Other Outcome Measures

Outcome Measure	Measure Description	Time Frame
Enjoyment	Enjoyment of Physical activity will be assessed using the Physical activity Enjoyment scale (PACES): The PACES is an 18-item scale but we will use the reduced and validated version of 8 items, assessing in a range of 1 to 7 a series of sensations or moods with respect to its opposite, so that it is easier and more practical for participants.	5 minutes after the experimental condition
Physical engagement (in aerobic condition and resistance condition)	Perceived exertion of exercise (RPE) will be assessed using the OMNI-Resistance Exercise Scale (OMNI-RES) of perceived exertion from 0-10.	During the experimental condition at minute 12, minute 20, and minute 30
Repetitions in reserve (in resistance condition)	The Repetitions in Reserve (RIR) will be assessed after each exercise in the resistance condition. RIR method is a self-regulation technique used in strength training to gauge exercise intensity. It involves estimating how many more repetitions you could perform before reaching failure after completing a set.	During the resistance condition after each exercise at minutes 5, 6, 7, 8, 9, 10, 11, 12 / 14, 15, 16, 17, 18, 19, 20, 21 / 23, 24, 25, 26, 27, 28, 29, 30
Cognitive engagement	Cognitive engagement will be assessed by the Cognitive Load Measurement scale. The Cognitive Load Scale is a 9 ítem scale used to assess the mental effort or cognitive load experienced by individuals when engaging in a task, particularly in educational or learning contexts. It involves a self-reported measure where participants rate their perceived mental effort on a scale, ranging from 1 very low mental effort; to 9 very high mental effort.	During the experimental condition at minute 12, minute 20, and minute 30

Collaborators and Investigators

• Sponsor: Universidad de Granada
• Collaborators: University Hospital Virgen de las Nieves; Instituto Mixto Universitario Deporte y Salud (iMUDS); Centro de Investigación Mente, Cerebro y Comportamiento
• Investigators: Principal Investigator: Irene Esteban-Cornejo, PhD, Department of Physical Education and Sports, Faculty of Sport Sciences, University of Granada, Spain.

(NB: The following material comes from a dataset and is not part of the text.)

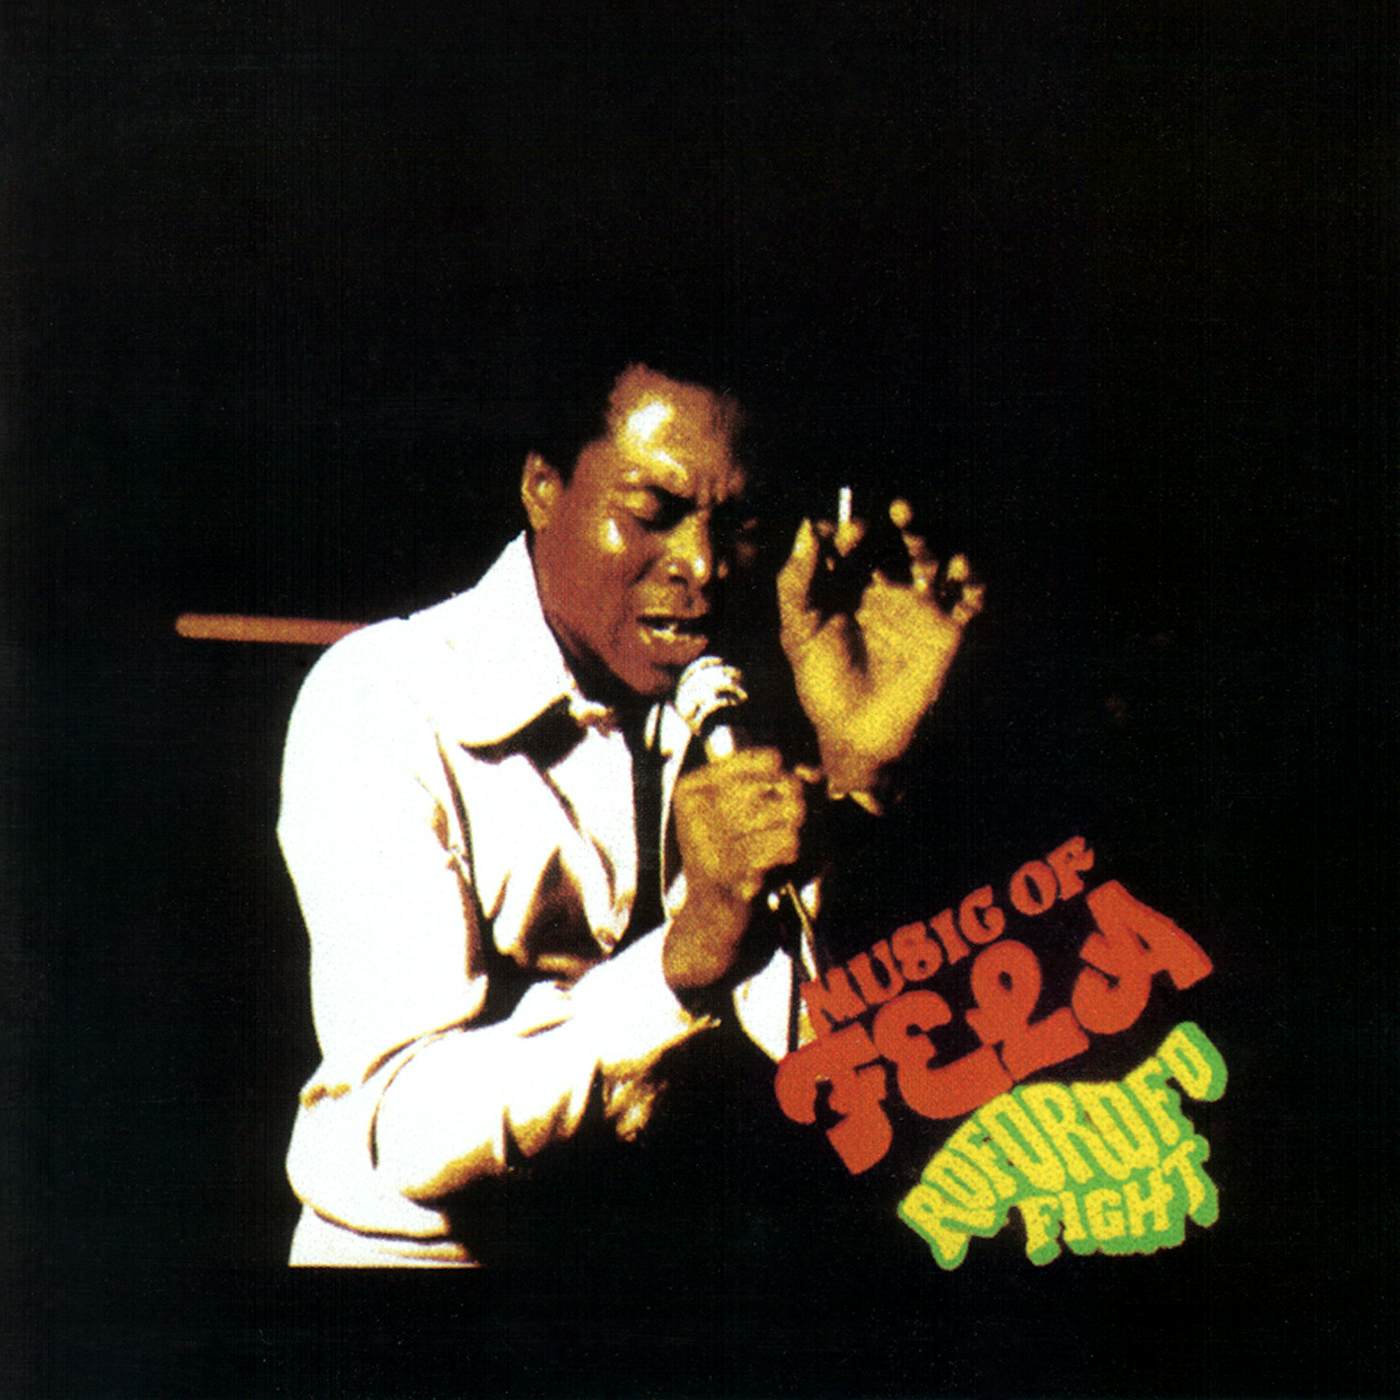 Fela Kuti Roforofo Fight Vinyl Record

Publications and helpful links

Helpful Links

• Detailed information about the protocols, methodology , data analysis, and code used in this project will be upload to the GitHub repository: FLADEX Project GitHub Repository.

Study record dates

Study Major Dates

• Study Start (Actual): September 25, 2024
• Primary Completion (Actual): January 2, 2025
• Study Completion (Actual): January 2, 2025

Study Registration Dates

• First Submitted: August 6, 2024
• First Submitted That Met QC Criteria: September 1, 2024
• First Posted (Actual): September 5, 2024

Study Record Updates

• Last Update Posted (Actual): March 25, 2025
• Last Update Submitted That Met QC Criteria: March 24, 2025
• Last Verified: March 1, 2025

More Information

Terms related to this study

• Keywords: Exercise; Alzheimer's Disease; Magnetic resonance imaging; Aging; Biomarkers; Cerebral Blood Flow
• Additional Relevant MeSH Terms: Brain Diseases; Central Nervous System Diseases; Nervous System Diseases; Mental Disorders; Neurocognitive Disorders; Dementia; Tauopathies; Neurodegenerative Diseases; Alzheimer Disease
• Other Study ID Numbers: PID2022-137399OB-I0

Plan for Individual participant data (IPD)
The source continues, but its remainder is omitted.